Даже через несколько лет Лютик не могла думать об этом без раздражения.

Зачем он устроил ужин при свечах? Почему во время последнего свидания вставал на колени? Для чего записал на пластинку свое любовное обращение?

Какие-нибудь дикие выходки она приняла бы с большим смирением, чем эти дары.

Вспоминая о поэте, Лютик с удивлением отмечала свое участие. Странно, что все это происходило не с кем-то из приятельниц, но именно с ней.

«Вся эта комедия, - писала она, - начала мне сильно надоедать. Для того, чтобы выслушивать его стихи и признания, достаточно было и проводов на извозчике с Морской на Таврическую…

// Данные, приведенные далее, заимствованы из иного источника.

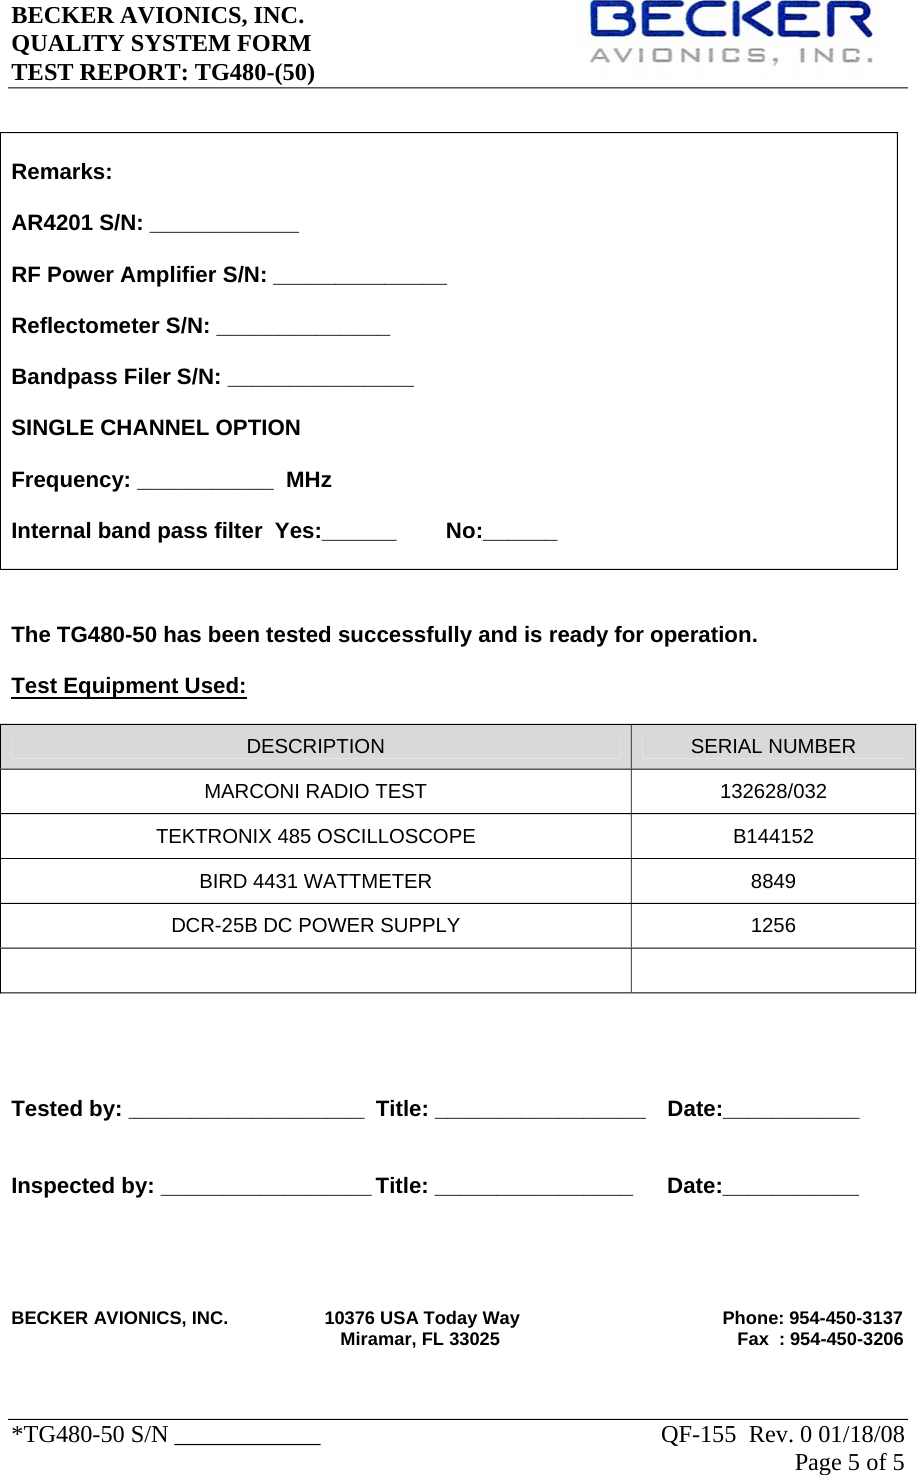 BECKER AVIONICS, INC.     QUALITY SYSTEM FORM TEST REPORT: TG480-(50)   *TG480-50 S/N ____________    QF-155  Rev. 0 01/18/08 Page 5 of 5      The TG480-50 has been tested successfully and is ready for operation.  Test Equipment Used: DESCRIPTION  SERIAL NUMBER MARCONI RADIO TEST  132628/032 TEKTRONIX 485 OSCILLOSCOPE  B144152 BIRD 4431 WATTMETER  8849 DCR-25B DC POWER SUPPLY  1256        Tested by: ___________________  Title: _________________  Date:___________   Inspected by: _________________ Title: ________________   Date:___________      BECKER AVIONICS, INC.                   10376 USA Today Way                                        Phone: 954-450-3137                                                                  Miramar, FL 33025                                               Fax  : 954-450-3206   Remarks:  AR4201 S/N: ____________  RF Power Amplifier S/N: ______________  Reflectometer S/N: ______________  Bandpass Filer S/N: _______________  SINGLE CHANNEL OPTION   Frequency: ___________  MHz    Internal band pass filter  Yes:______        No:______

Однажды он сказал, что хочет сообщить нечто важное и пригласил меня, для того, чтобы никто не мешал, в свой «Англетер». На вопрос, почему этого нельзя сделать у них, ответил, что это касается только меня и его. Я заранее могла сказать, что это будет, но мне хотелось покончить с этим раз и навсегда. Я ответила, что буду. Он ждал меня в банальнейшем гостиничном номере, с горящим камином и накрытым ужином. Я недовольным тоном спросила, к чему вся эта комедия, он умолял меня не портить ему праздника видеть меня наедине. Я сказала о своем намерении больше у них не бывать, он пришел в такой ужас, плакал, становился на колени, уговаривал меня пожалеть его, в сотый раз уверял, что он не может без меня жить и т.д. Скоро я ушла и больше у них не бывала. Но через пару дней Осип примчался к нам и повторил все это в моей комнате к возмущению моей мамаши, знавшей и Надюшу, которую он приводил к ней с визитом. Мне еле удалось уговорить его уйти и успокоиться».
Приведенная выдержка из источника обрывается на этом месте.